An estimate is really just an analyst's projections about corporate financial health and the predictions often vary significantly. Estimates are influenced by company philosophy, individual analysts perspectives, psychological baggage from being wrong in the past, and the desire by most to stay fairly close to consensus numbers (being much different on your numbers carries a risk).
The truth is, despite efforts to the contrary, earnings projections are invariably tainted with a degree of bias and subjectivity; they are not perfectly objective.
To assume these numbers are wise and accurate without carefully assessing the context in which these decisions are made would be a mistake. But thats exactly what most investors do.
This is not to say that analysts estimates are not a valuable tool in assessing the attractiveness of investment; they are an important component of the decision process.
And in the end, prices of assets are measured based on current and future cash flow. Estimates come from professionals doing their best to be objective and are helpful in assessing the cash flow outlook for companies.
That effort should be respected (and cautiously digested) as long as one recognizes that there are no perfect outcomes; bias always exists.

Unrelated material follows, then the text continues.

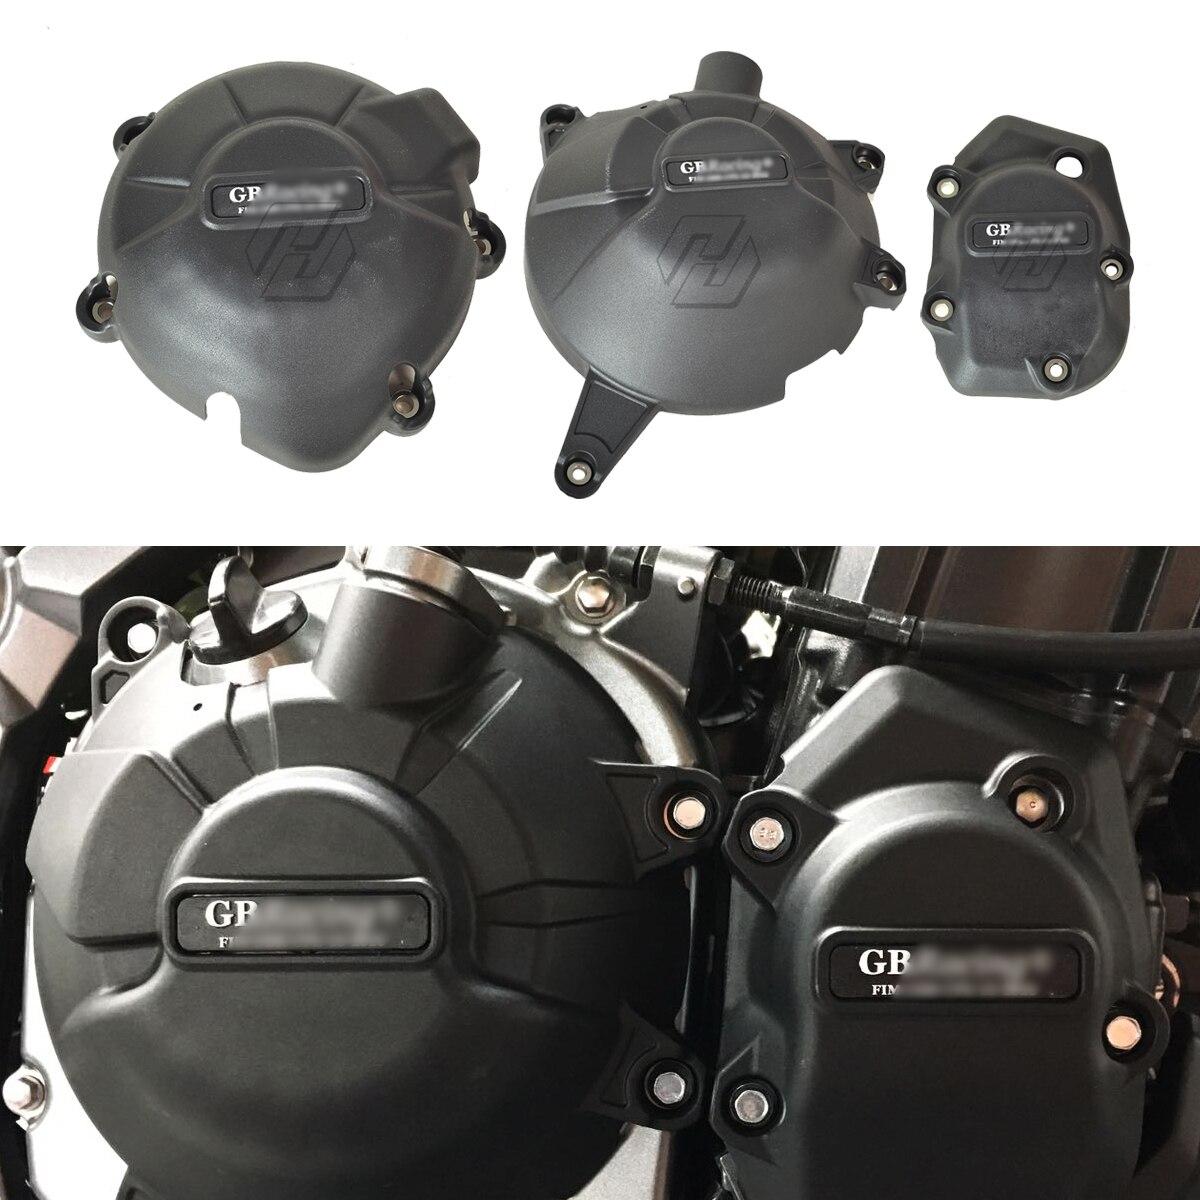 Moto moteur Protection pompe à eau Kit housse pour GB Racing pour Kawasaki NINJA Z900 2017 2018

So as an investor, carefully think through the philosophy underpinning recommendations and projections. Don't optimistically trust without thoughtful reflection.
Ronald Reagan once said about the then Soviet Union, that he was willing to "trust" but only with simultaneous verification The former president knew that it was important to be academic in perspective, hopeful in expectations, and to avoid trusting blindly.
Take the same advice as you watch earnings season this quarter. It will help you make sense of the numbers, the market's reaction, and what your next moves should be as an investor.
Trust but verify; a healthy perspective and one that can benefit you as an investor.